Addressing China’s reaction, Stoltenberg said on Wednesday: “Nato will remain an alliance of North America and Europe, but this region faces global threats and challenges. That is cyber, that is terrorism. But also, the security consequences of China – because that has an effect on us. And therefore it is necessary to work together, for instance, with our Asia-Pacific partners.
“Several allies also expressed concerns related to freedom of navigation. And China’s coercive and assertive behaviour in the South China Sea matters for every country in the region. But it also matters for every country concerned about the freedom of navigation.”
The Nato document did include a brief reference to cooperation with China. “We remain open to constructive engagement with the PRC, including to build reciprocal transparency, with a view to safeguarding the alliance’s security interests,” it said.
One former US official said the inclusion of China in the strategic document suggested the transatlantic gap over the China threat and Beijing’s intentions was narrowing, as seen in Nato’s changing structure.
“All allies agreed to this language,” due in part to China’s recent support for Russia, said Jim Townsend, a former US deputy assistant defence secretary for Europe and Nato under president Barack Obama. “European allies are becoming as concerned as we are about China’s international actions.”
In recognition of the alliance’s wariness of China’s threat to Indo-Pacific security, the leaders of Australia, Japan, South Korea and New Zealand participated in the three-day summit in the Spanish capital.
Speaking to reporters in Madrid, Australia’s newly elected prime minister, Anthony Albanese, called on China to condemn Russia’s war in Ukraine.
He said he had a “very successful” meeting with the leaders of Japan, South Korea and New Zealand, where they welcomed the summit’s “important” focus on the Asia-Pacific region.
Ramon Pacheco Pardo, regional envoy for East and Southeast Asia at King’s College London said the countries’ attendance was “driven mainly by the perceived threat coming from China”.
“What really stands out for me is the number of European leaders like the Spanish prime minister who emphasised the absolute need to work with like-minded Indo-Pacific partners, essentially Australia, Japan, Korea and New Zealand,” he said.
British Foreign Secretary Liz Truss said that China using its economic power in “coercive” ways should make countries reconsider trade relations with Beijing. “The G7 countries and nations such as Australia should use their economic weight to challenge China,” she said.
On the sidelines of the Nato summit, US President Joe Biden met with the leaders of Japan and South Korea. They discussed “enhancing trilateral cooperation throughout the Indo-Pacific, particularly in regard to addressing the evolving threat posed by the Democratic People’s Republic of Korea’s unlawful weapons of mass destruction and ballistic missile” programmes, a White House statement said.
Japanese Prime Minister Fumio Kishida said afterward that Japan intended to significantly upgrade its Nato partnership over the next five years in areas such as cyber and maritime security given that the defence of Europe is inextricably linked to that of Asia.

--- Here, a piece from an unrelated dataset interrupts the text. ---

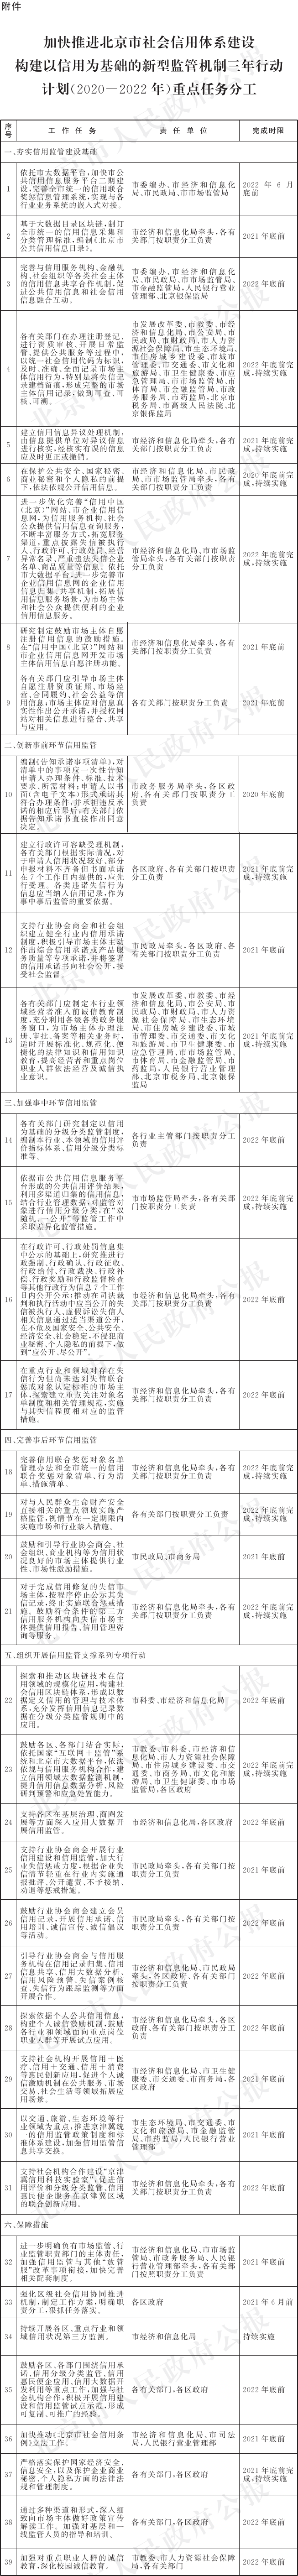 6-附件：加快推進北京市社會信用體系建設構建以信用為基礎的新型監管機制三年行動計劃(2020-2022年)重點任務分工.png

Kishida added that he felt a “strong sense of crisis” over the likelihood of conflict in East Asia along the lines of Russia’s invasion of Ukraine, according to the Kyodo news service, given China’s opaque military buildup and provocative moves in the East and South China Seas.

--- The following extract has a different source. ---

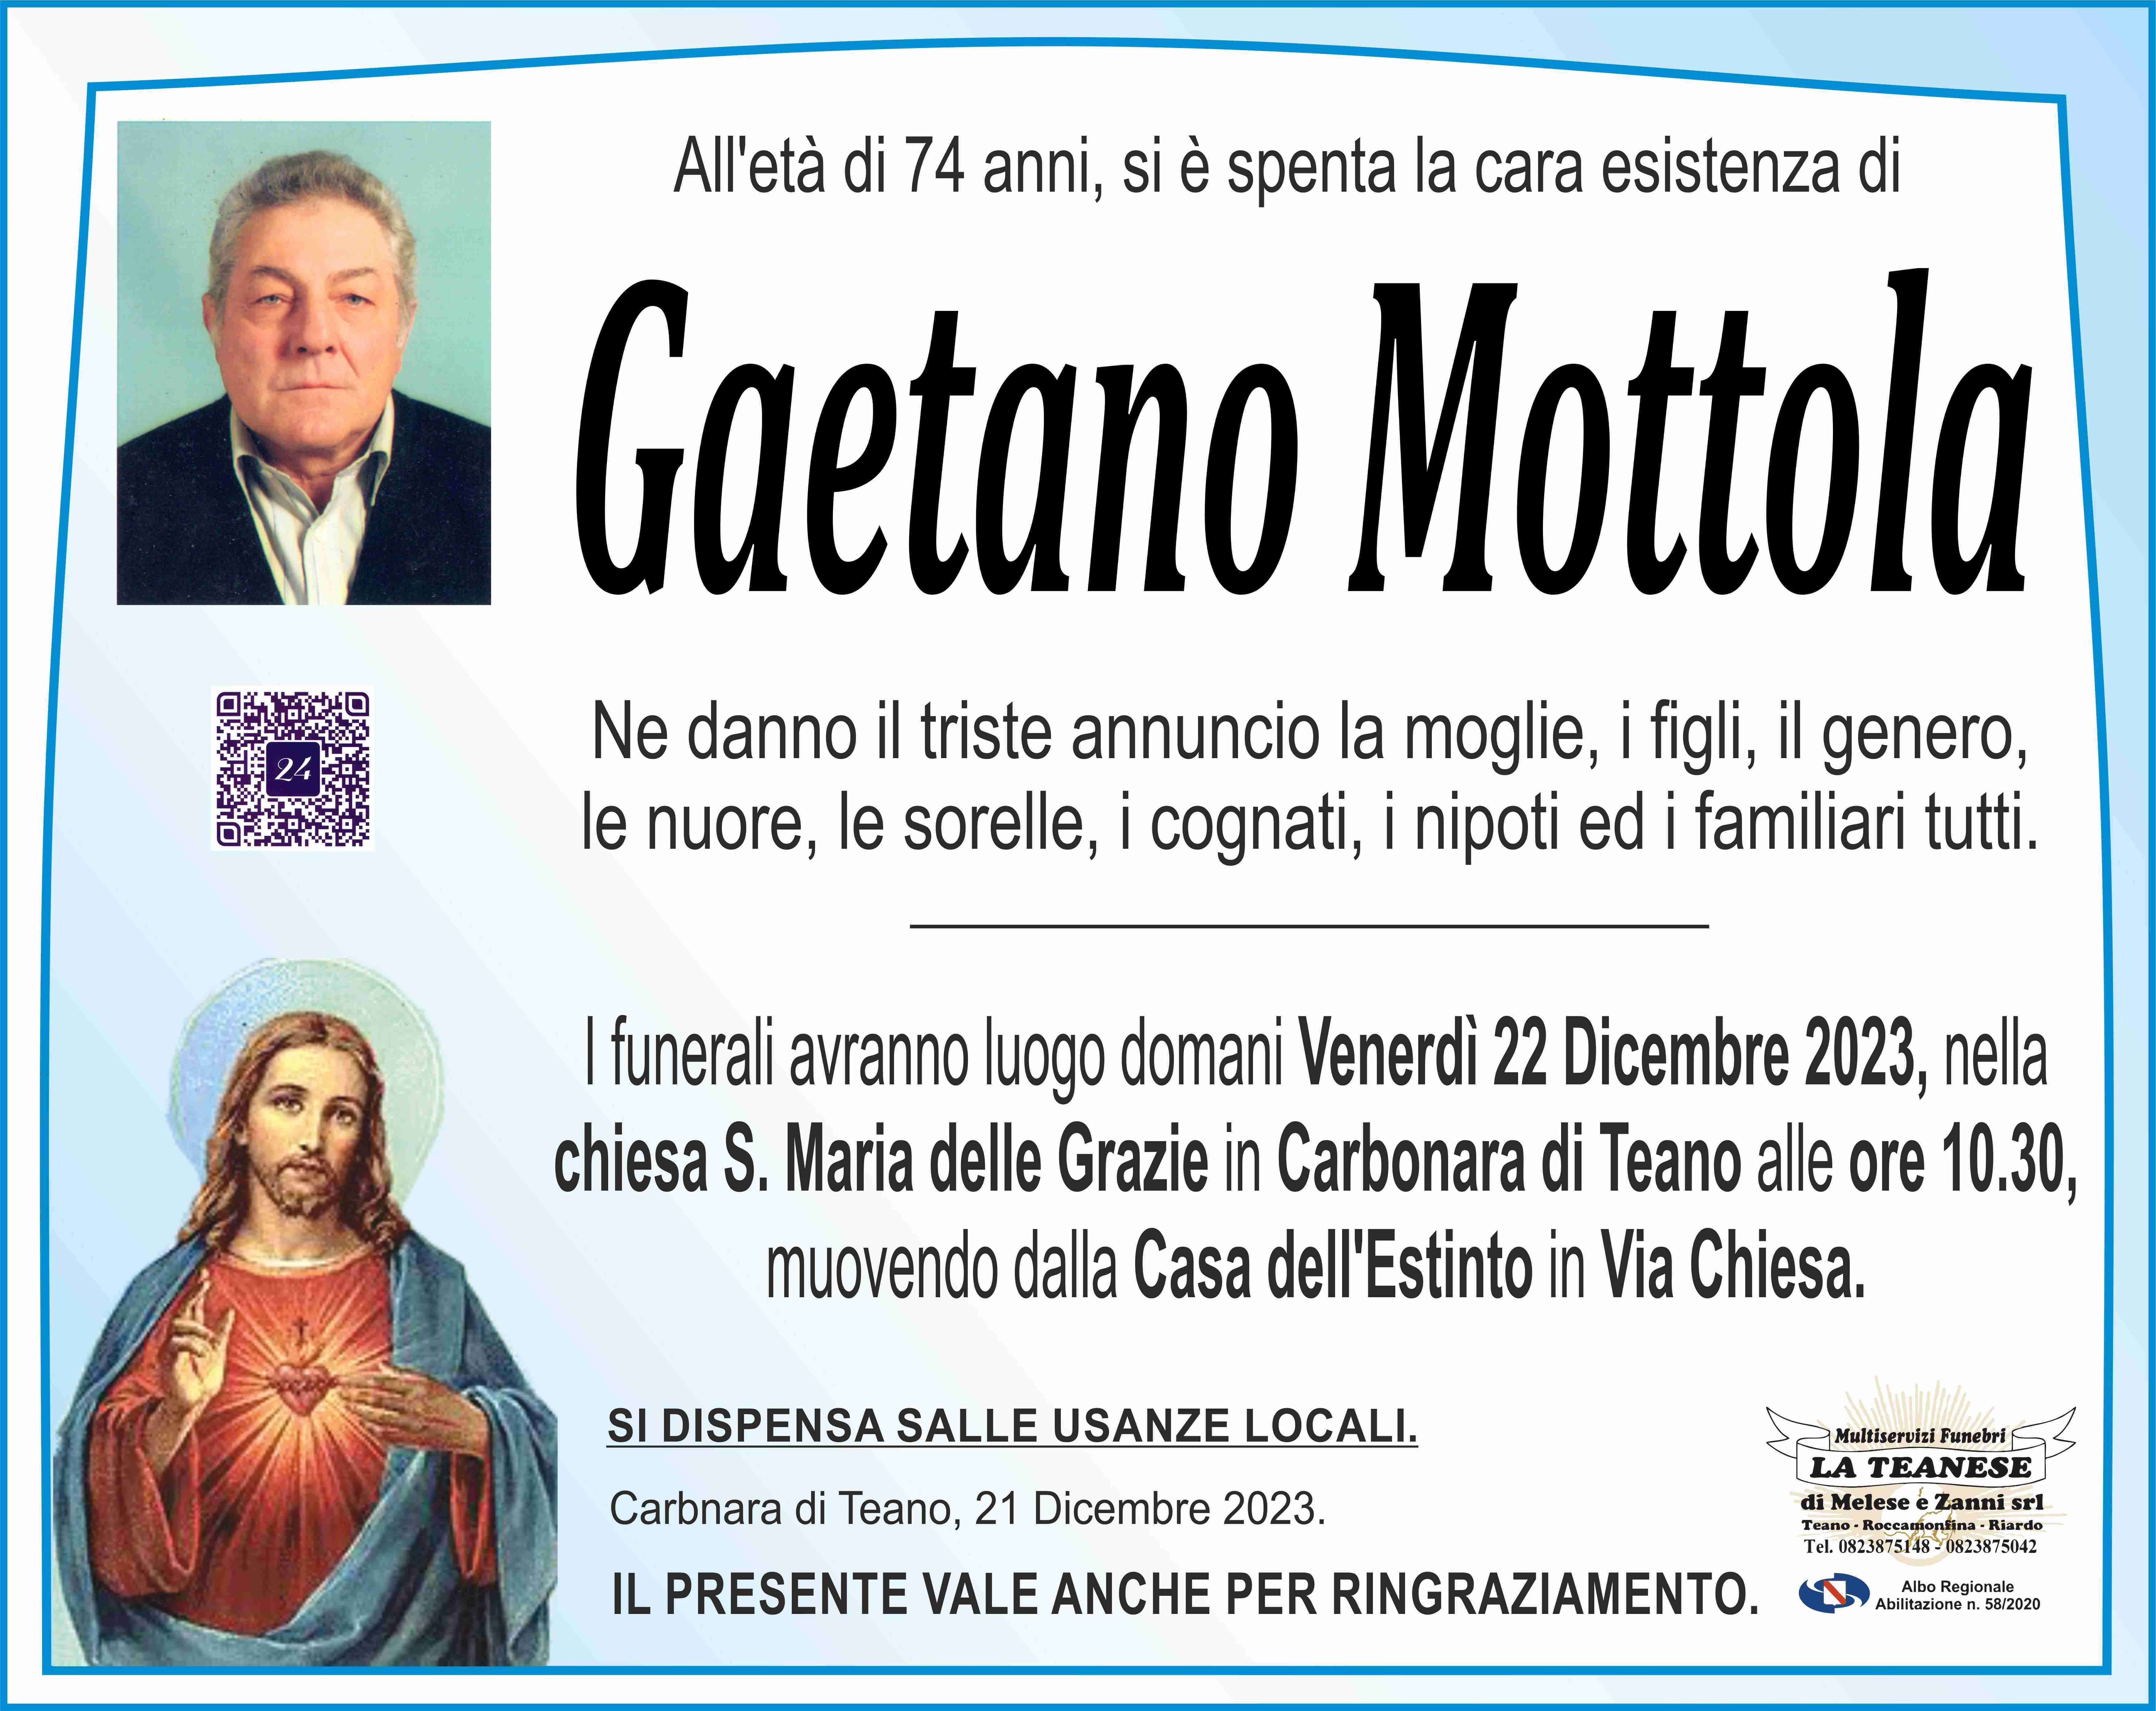 Gaetano Mottola

Before the meeting, North Korean state news agency KCNA criticised the “US and its allies” for trying to form an “Asian Nato”.
“The US is hell-bent on military cooperation with its stooges in disregard of the primary security demand and concern by Asia-Pacific countries,” KCNA said.
The new strategic concept said: “Syria, North Korea and the Russian Federation, along with non-state actors, have resorted to the use of chemical weapons.” China’s growing nuclear activities were also mentioned in the document.